SciML / DiffEqGPU.jl

GPU-acceleration routines for DifferentialEquations.jl and the broader SciML scientific machine learning ecosystem
https://docs.sciml.ai/DiffEqGPU/stable/
MIT License
274 stars 28 forks source link

Add GPU Euler-Maruyama SDE solver #208

Closed utkarsh530 closed 1 year ago

utkarsh530 commented 1 year ago
using DiffEqGPU, SimpleDiffEq, Test, StaticArrays, StochasticDiffEq, BenchmarkTools

# dX_t = u dt + dW_t
f(u, p, t) = u
g(u, p, t) = u
u0 = @SVector [0.5f0]

tspan = (0.0f0, 1.0f0)
prob = SDEProblem(f, g, u0, tspan)

Convergence Test (Red: 0.5*exp(t), dt = 1e-3, trajectories = 1000) test_sde

codecov[bot] commented 1 year ago

Codecov Report

Merging #208 (bae56f4) into master (dfb231f) will not change coverage. The diff coverage is 0.00%.
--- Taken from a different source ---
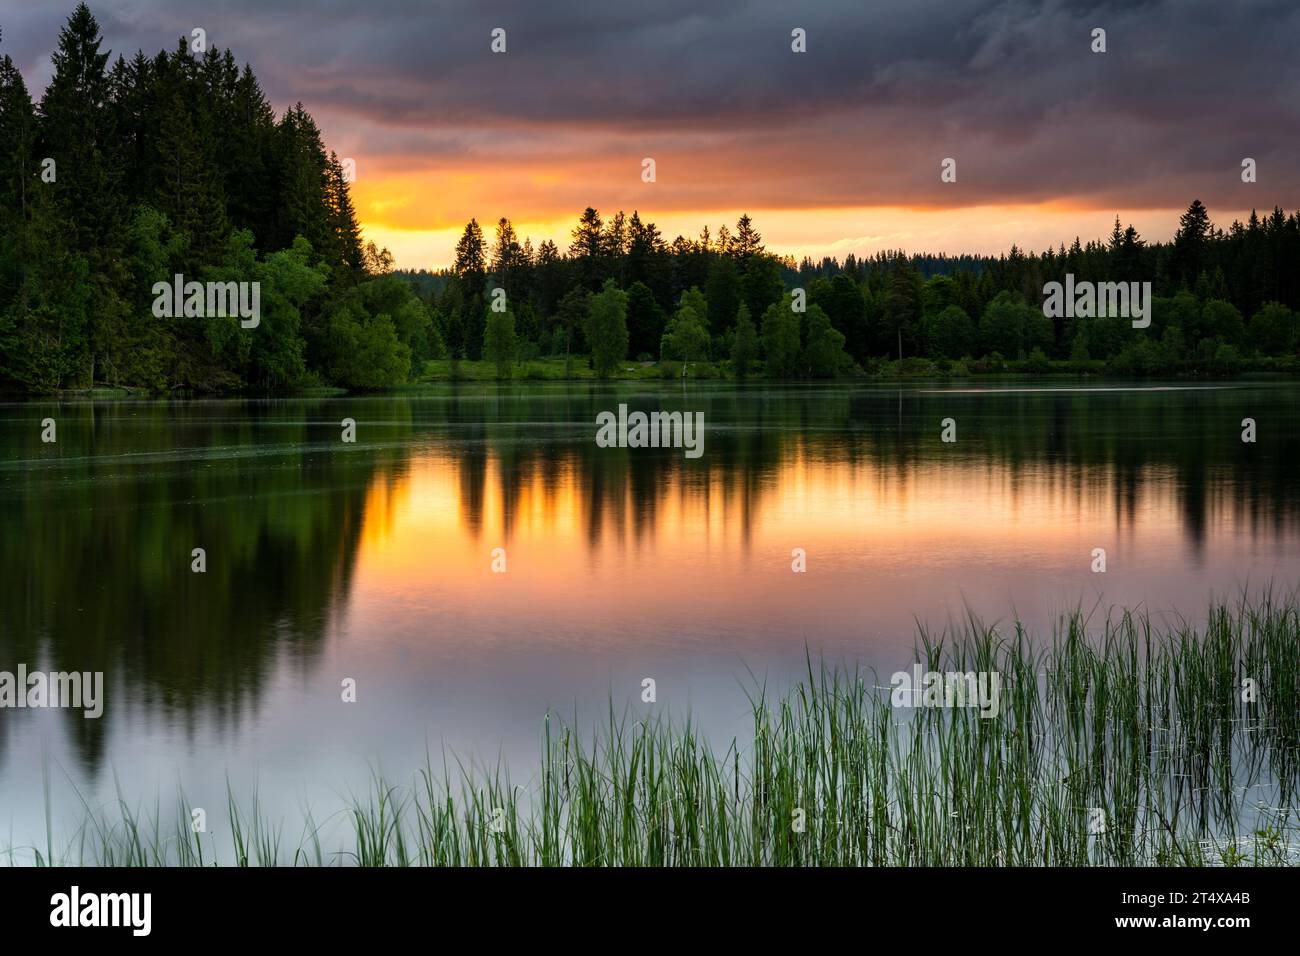 Paysage dans la Forêt Noire. Beau lac Windgfällweiher, entouré de forêt. Le ciel du coucher du soleil se reflète dans l'eau. Allemagne. Banque D'Images

@@          Coverage Diff           @@
##           master    #208   +/-   ##
======================================
  Coverage    0.00%   0.00%           
======================================
  Files           9      10    +1     
  Lines        1990    2041   +51     
======================================
- Misses       1990    2041   +51     
Impacted Files Coverage Δ
src/DiffEqGPU.jl 0.00% <0.00%> (ø)
src/perform_step/gpu_em_perform_step.jl 0.00% <0.00%> (ø)
src/solve.jl 0.00% <0.00%> (ø)
src/integrators/integrator_utils.jl 0.00% <0.00%> (ø)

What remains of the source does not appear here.